一點活路都不給留,和解賠償都不行,那. . ..
自己不行,對方也別想好過!
對方給出的證據確實足夠硬,信息達成「三位一體』,每一個觀點都有證據,卻恰好踩在司法「保底』兩個字上。
一連串的連鎖反應,就好似消消樂一般,直接給張大的罪行一鍵清除!
但話又說回來了。
過猶不及!
如果說..反證呢!?
對方想無罪,甚至連安康醫院都想讓人進去,那... ..…
范賀就瞄準這點打!
被告人張大疑似精神病?但不能確定,所以只符合《刑法》第18條第三款,只需負部分責任,需要進安康醫院?
原告方,直接反向證明,就證她是精神病!
只要證明是精神病,張大百分百會進入安康醫院接受強制治療,加上沒監護人,時間絕對不會少!很難想像。
一起刑事案件。
原告方,竟然會拚命一般,急著證明被告人是精神病。
但正如范賀自己所說。
「我跟你拚了!』
大廳內。
「丁律師,您 . .」
周寧有點心累,身心俱疲。
他扭頭看向一側,一直坐在椅子上,並未開口說話的丁岩,正準備說些什麼。
豈料。
丁岩站起身,後退半步,看著他喉嚨一滾,吞了口口水,臉上流露出訕訕的表情。
同時口中含糊不清道:
「那個,周律師...那個.. . .」
「有點不巧,我剛才有一個客戶出了急事,需要我去應付一下。

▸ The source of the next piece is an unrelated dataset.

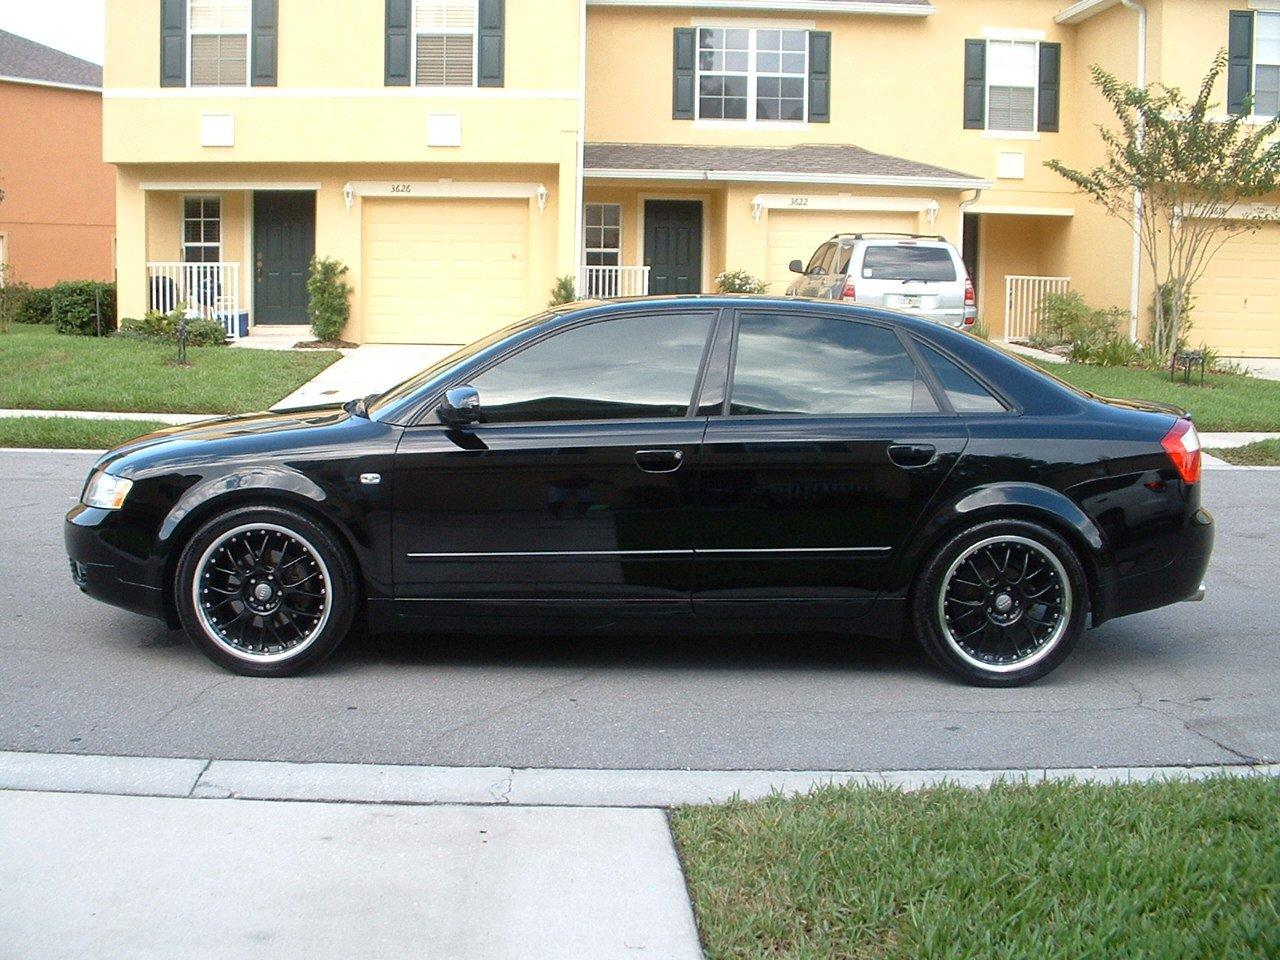 ... larger versionName:Mikes Audi 007.jpgViews:9649Size:331.8 KBID:5050

」
「我這邊先回海城了...」
「嗯,周律師。」
「我在海城等您凱旋!」
話落。
丁岩就不動聲色,拉扯自己的徒弟轉身跑路。
他的步速很快,被拉著的實習生有些跟不上,腳步甚至有些踉蹌,越是靠近醫院大門,速度就越快。「哧!」
他扯著徒弟,走出醫院,消失在周寧的視野內。
步速這才慢下,內心提著的一口氣也得以松下。
「呼~師傅,你走這麼快做什麼....」
徒弟胸膛的起伏弧度加大,喘著粗氣問道。
丁岩聞言,眼角一跳。
「走?」
「要不是還顧忌對方面子..我恨不得跑呢!」
丁岩罵罵咧咧的往停車場走去,邊走邊開口道:
「小子,我告訴你。」
「律界這一行,你可以不會打官司,但你得知道,碰到事...該跑就得跑。」
「你要是因為自己面子過不去,被架住尷尬. . .」
「到時候濺你一身血就老實了!」
徒弟愕然。
「有這麼誇張嗎,咱們只是協助整理一下信息而已。」
他弱弱的開口。
丁岩直接開口駁回:
「你好好看看,右邊那個拿報紙的,他看的報紙,今早我來的時候關注過,和案子有關,醫院裡近乎人手一份。」
「還有停車場那個戴帽子的...這幫死記者真是偽裝也不知道裝的像一點。」
順著丁岩所說看去。
徒弟還真看到幾個湊在一起下棋聊報紙的居民。
以及一個剛下車,正在整理設備的記者。
丁岩頭也不回,疾步如風,口中告誡:
「我告訴你,這案子小敗,或是對方勝訴,都行,咱們跟著也能喝點湯,稍微露露名頭。」「但若是優勢方...敗訴,還是慘敗,就是你這輩子的污點!」
稍微一想。
丁岩就感到頭皮發麻。
他來幫忙,就是抱著想喝點湯來的,畢竟這案子輿論特別大,傳遍整個四川,無數雙眼睛盯著。稍微出點名,都能帶來實打實的業績。
可..
湊近後,稍微一看案情,好傢夥,可謂恐怖。
不信邪,再看信息、試著調查。
更驚悚了!
丁岩轉頭就走,只恨自己少長了兩條腿!
他看到了什麼?恐怖、大恐怖,晚上做夢代入一下范賀周寧,丁岩都能被嚇醒,直呼這是噩夢!他們可是優勢方啊。
是原告追責方!
是被故意傷害、故意殺人(未遂)、被主動找上門,捅了足足17刀,救回來也是「傷殘三級』的絕對優勢方!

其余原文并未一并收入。